▶ **MATERIAL PROVIDED**
▼

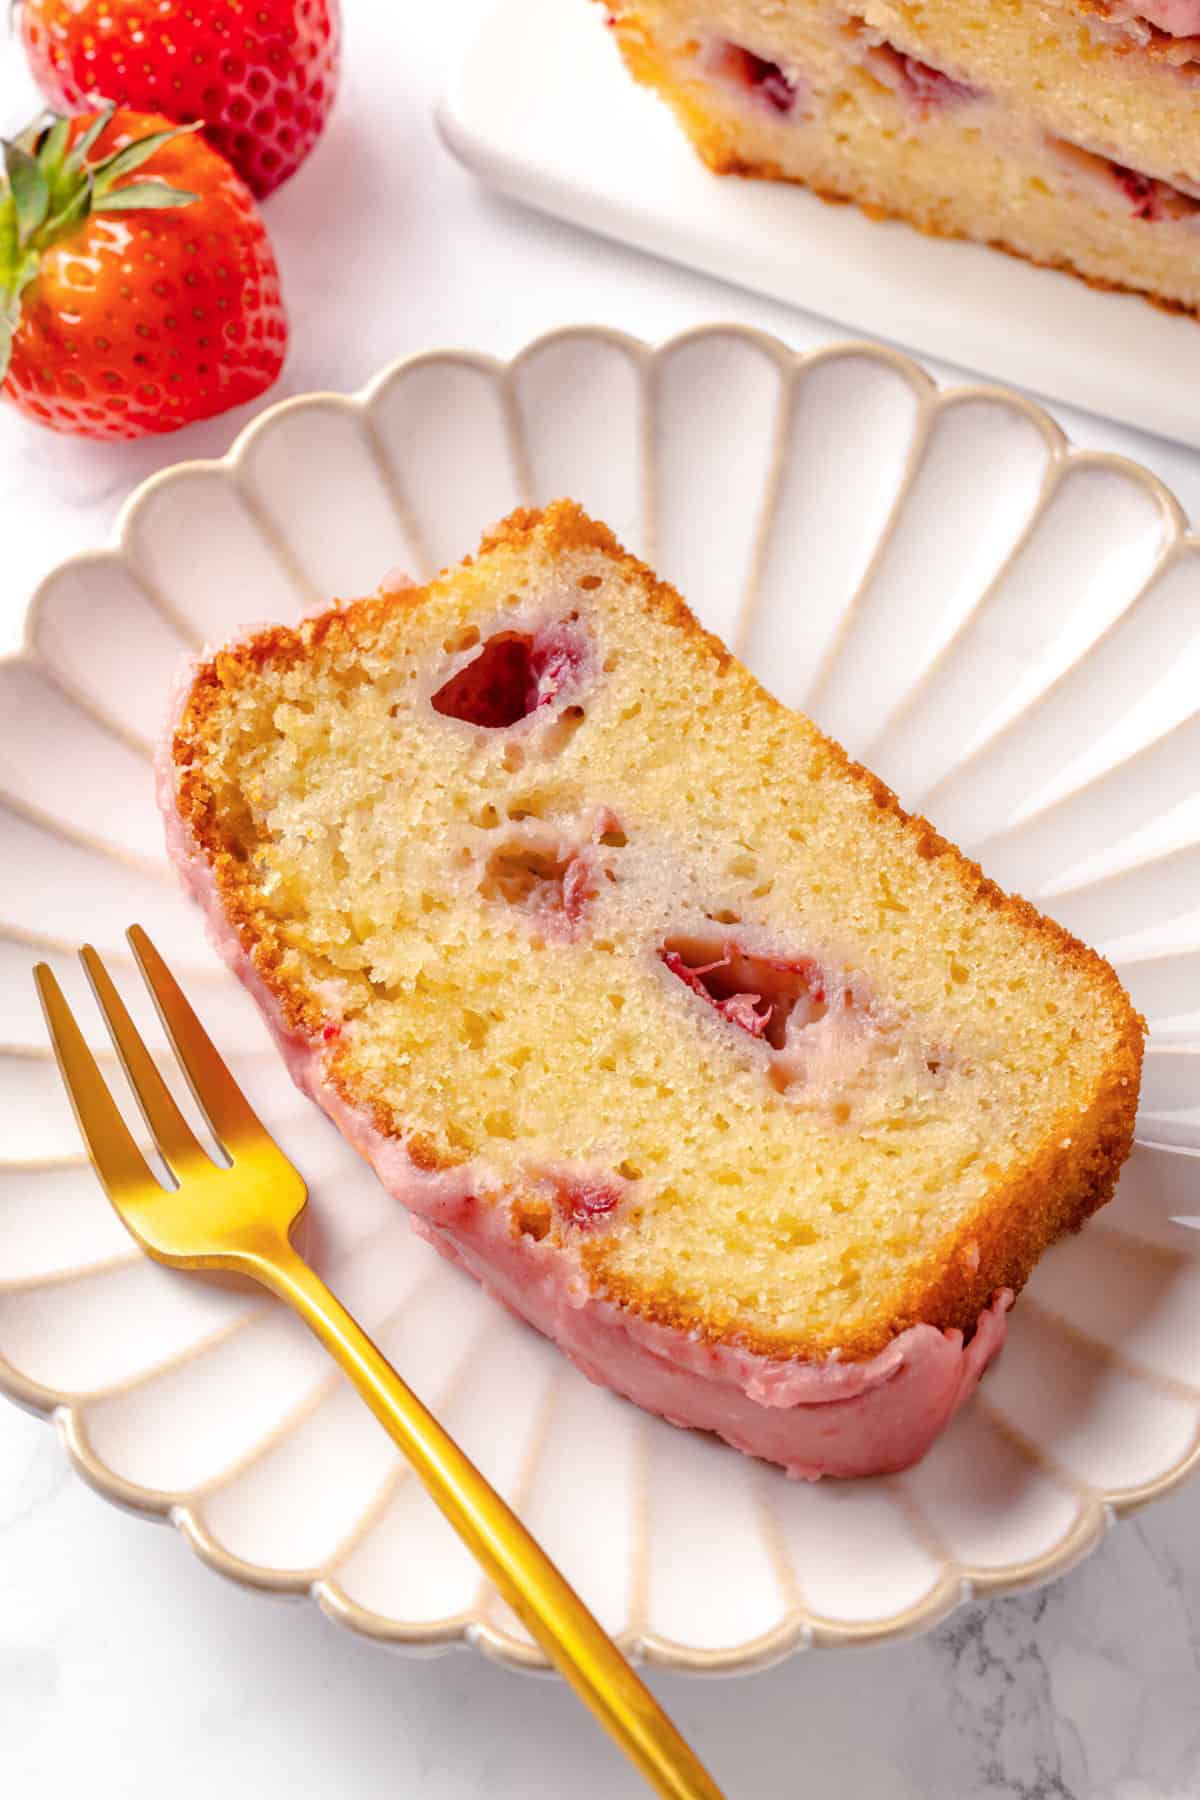 Slice of strawberry poundcake served on a scalloped pink plate with a gold fork.
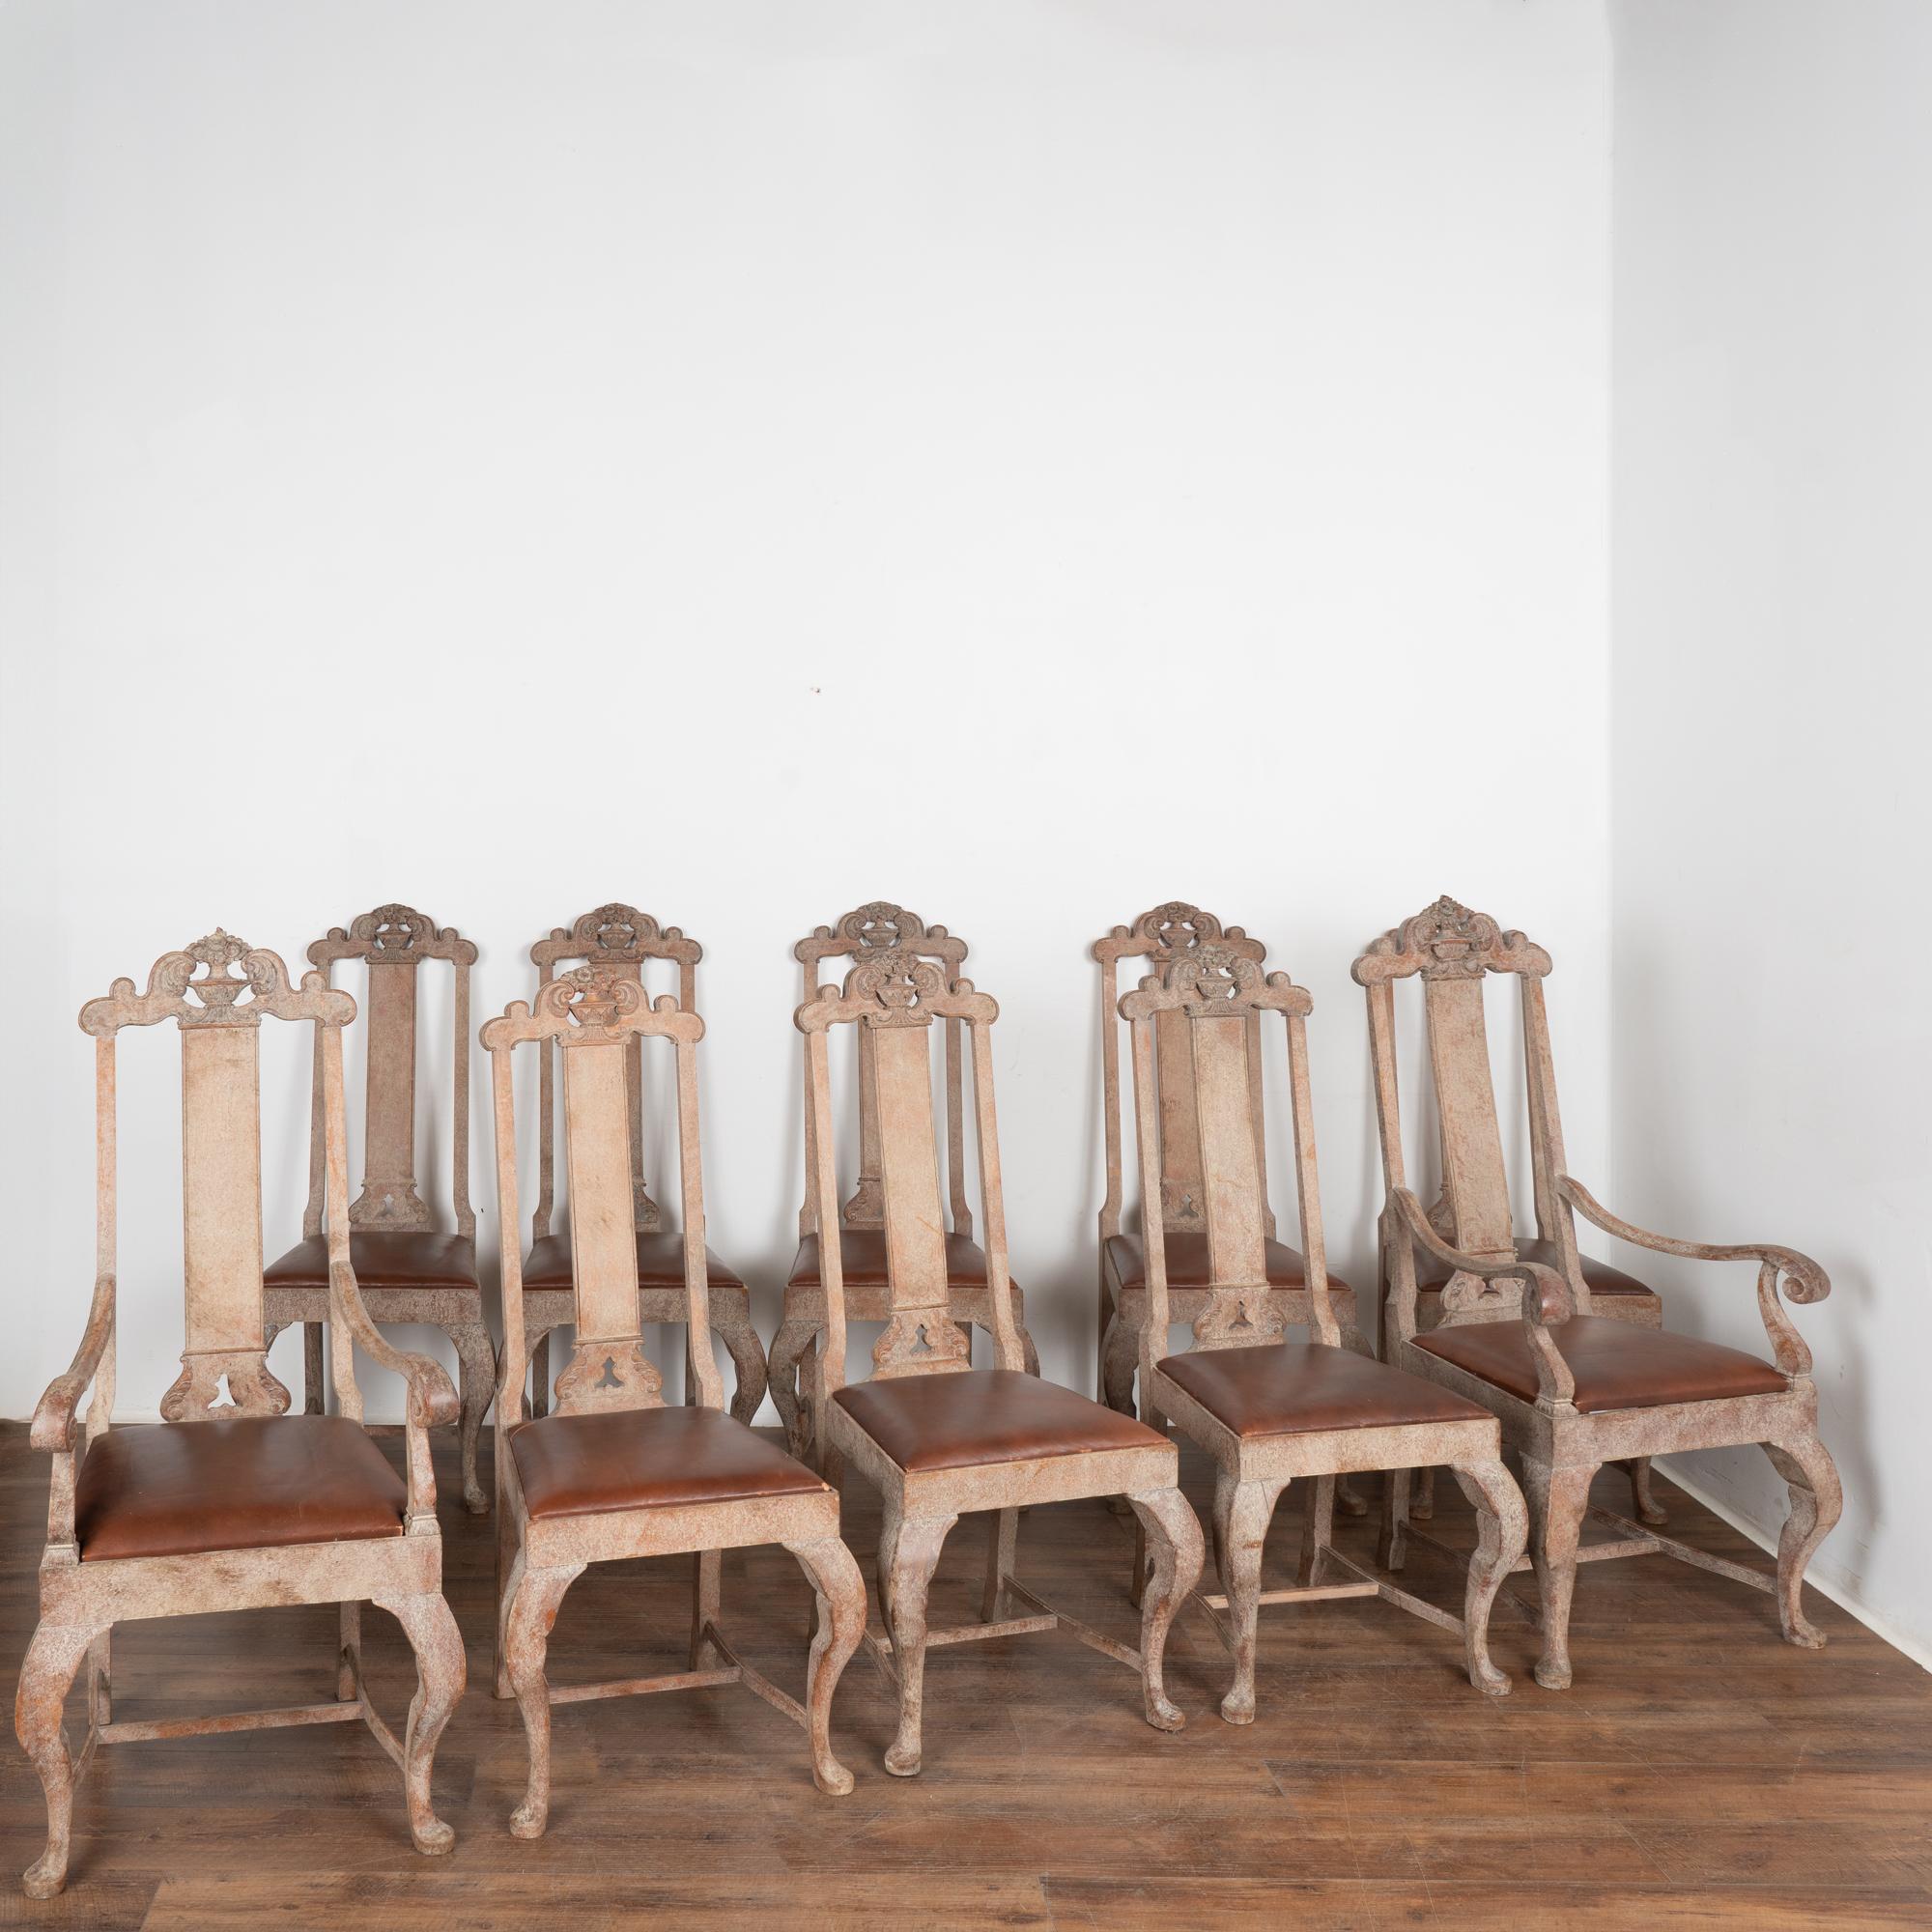 Antique set of ten Swedish country baroque dining chairs with tall backs, eight side chairs and two arm chairs included. 
Note the exceptional antique white painted and rubbed out finish, creating a rich, deep look with the natural oak revealed

▲

▶ **WHAT YOU HAVE TO DO**
In your copy of the material, match every word exactly and include no pictures.

▶ **ANSWER AREA**
 Slice of strawberry poundcake served on a scalloped pink plate with a gold fork.
 Antique set of ten Swedish country baroque dining chairs with tall backs, eight side chairs and two arm chairs included. 
Note the exceptional antique white painted and rubbed out finish, creating a rich, deep look with the natural oak revealed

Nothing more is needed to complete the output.